Start of Available data

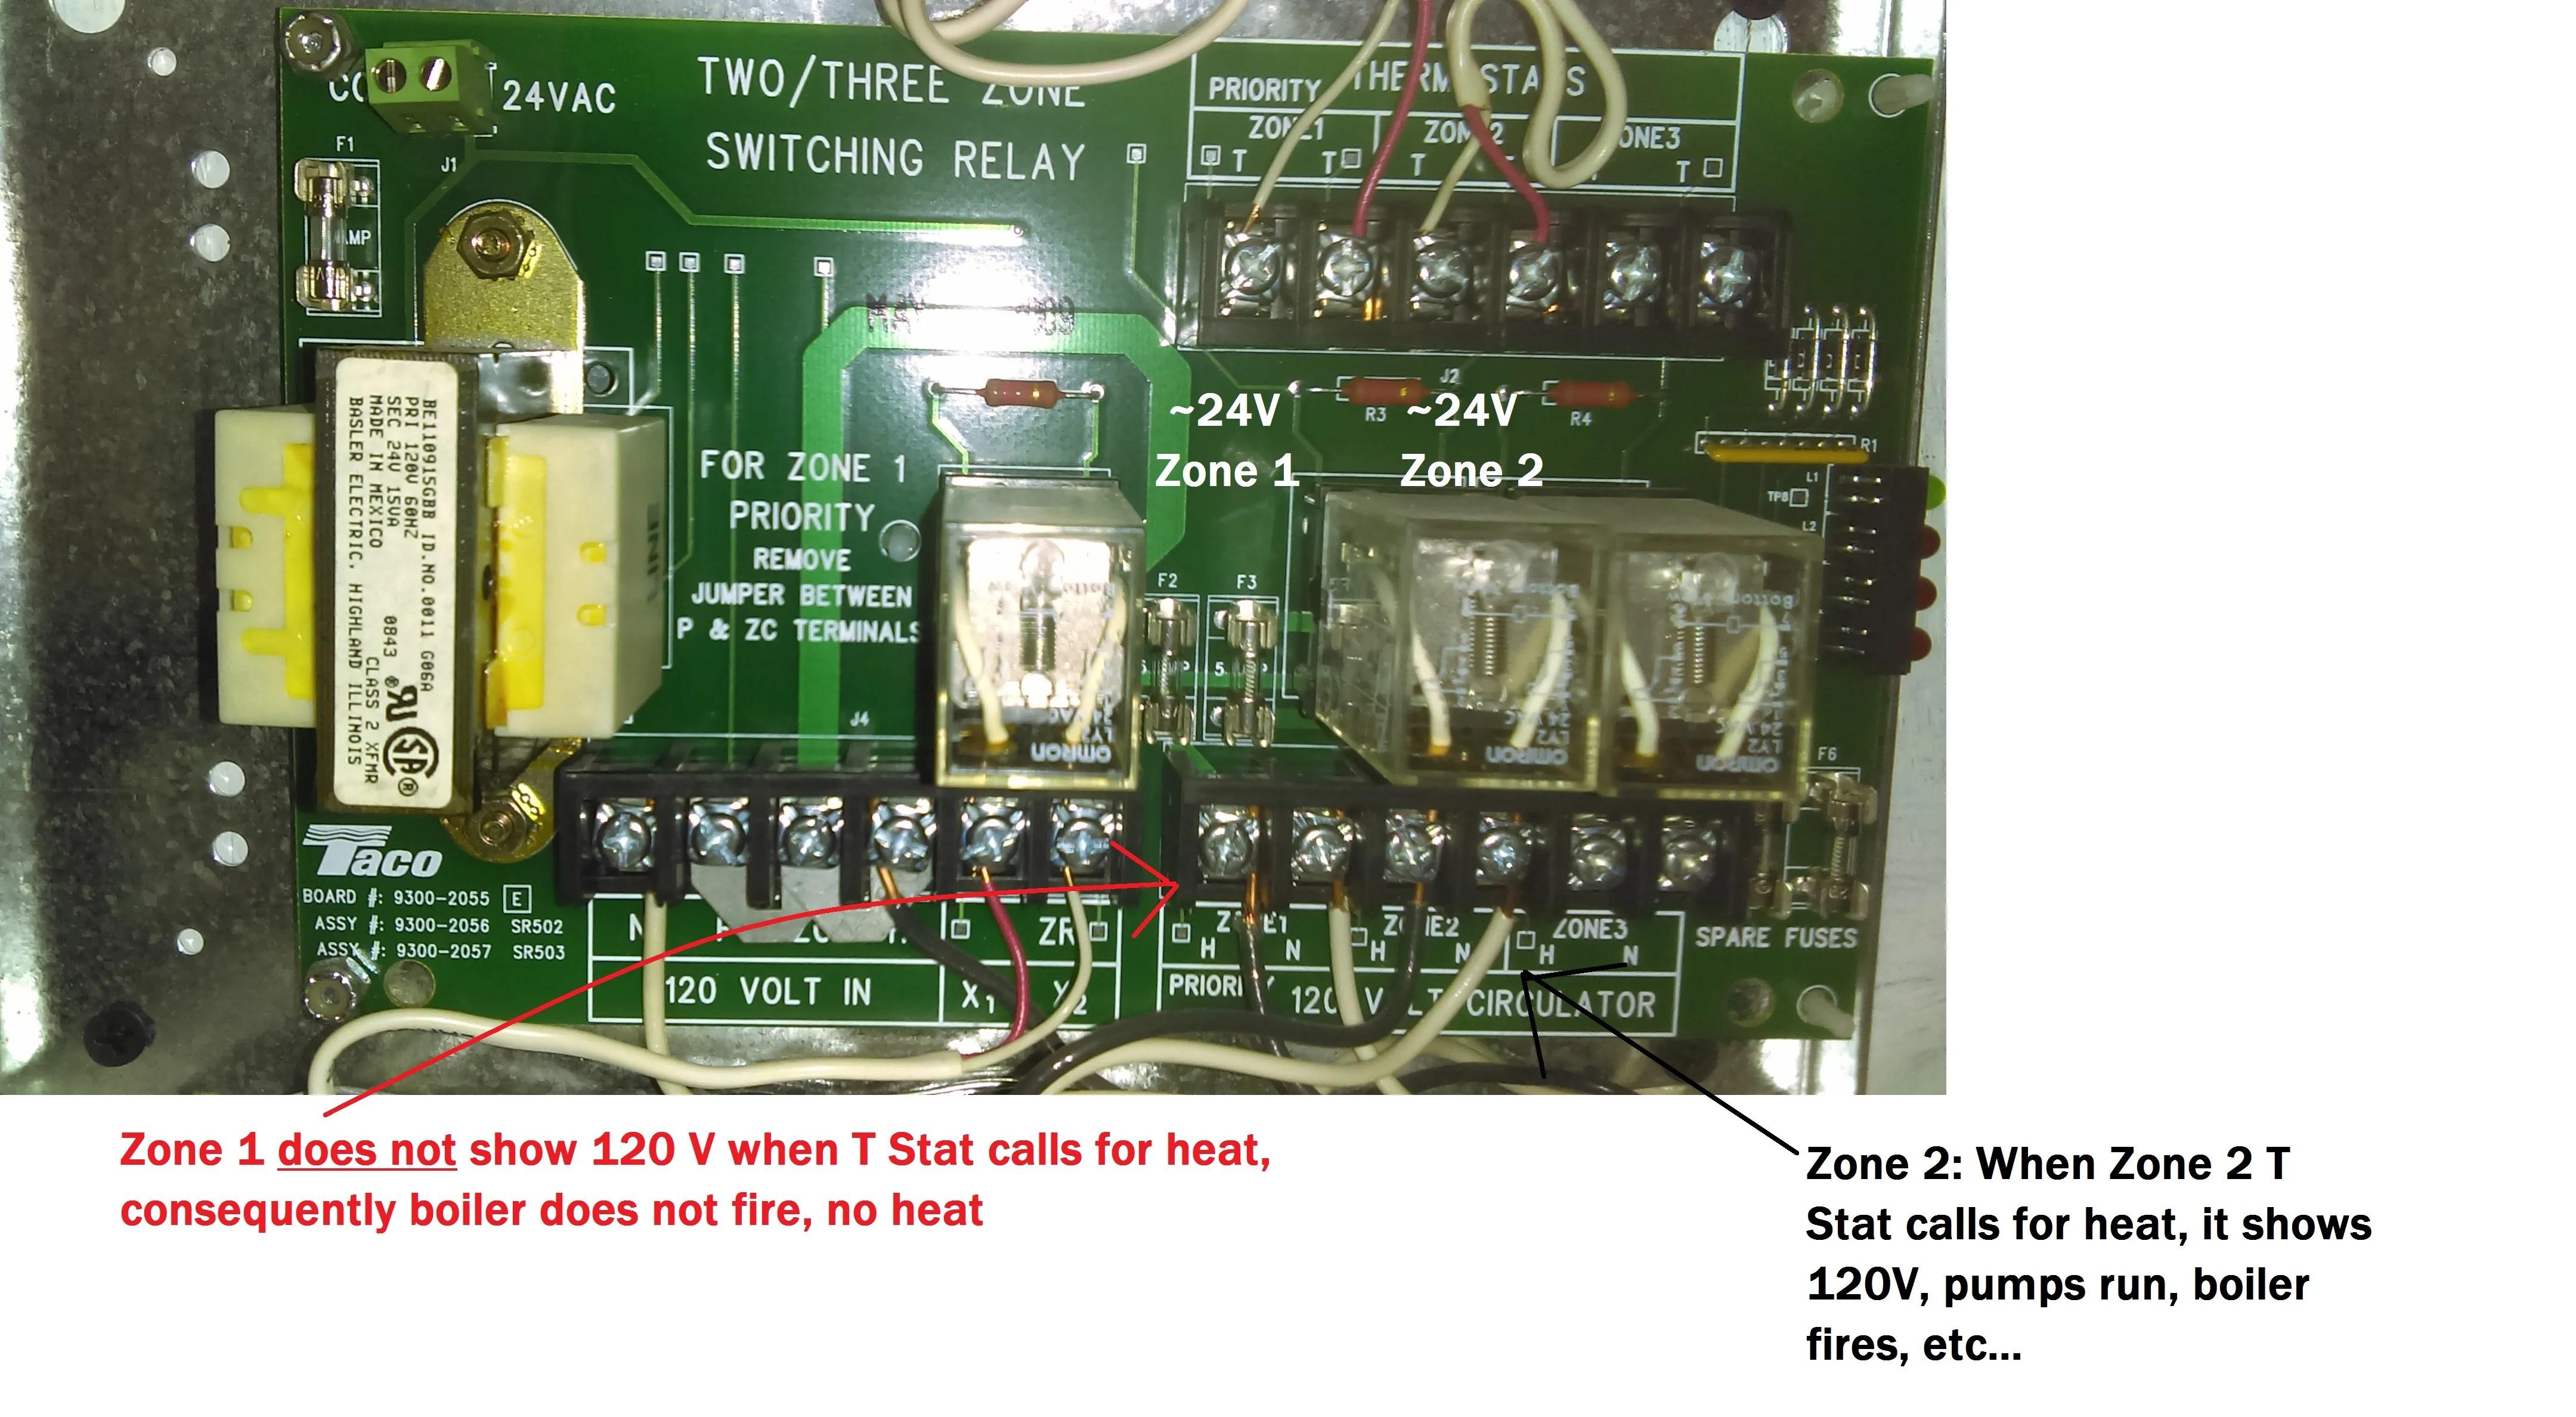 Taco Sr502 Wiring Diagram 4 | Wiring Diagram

End of Available data
Start of Available data

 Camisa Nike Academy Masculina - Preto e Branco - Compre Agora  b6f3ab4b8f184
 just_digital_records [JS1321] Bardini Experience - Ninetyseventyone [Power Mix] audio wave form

End of Available data

■ Work required:
Within the material above, transcribe exactly the lines that run from the line holding "Camisa Nike Academy" through the line holding "just_digital_records [JS1321] Bardini".

■ Response area:
 Camisa Nike Academy Masculina - Preto e Branco - Compre Agora  b6f3ab4b8f184
 just_digital_records [JS1321] Bardini Experience - Ninetyseventyone [Power Mix] audio wave form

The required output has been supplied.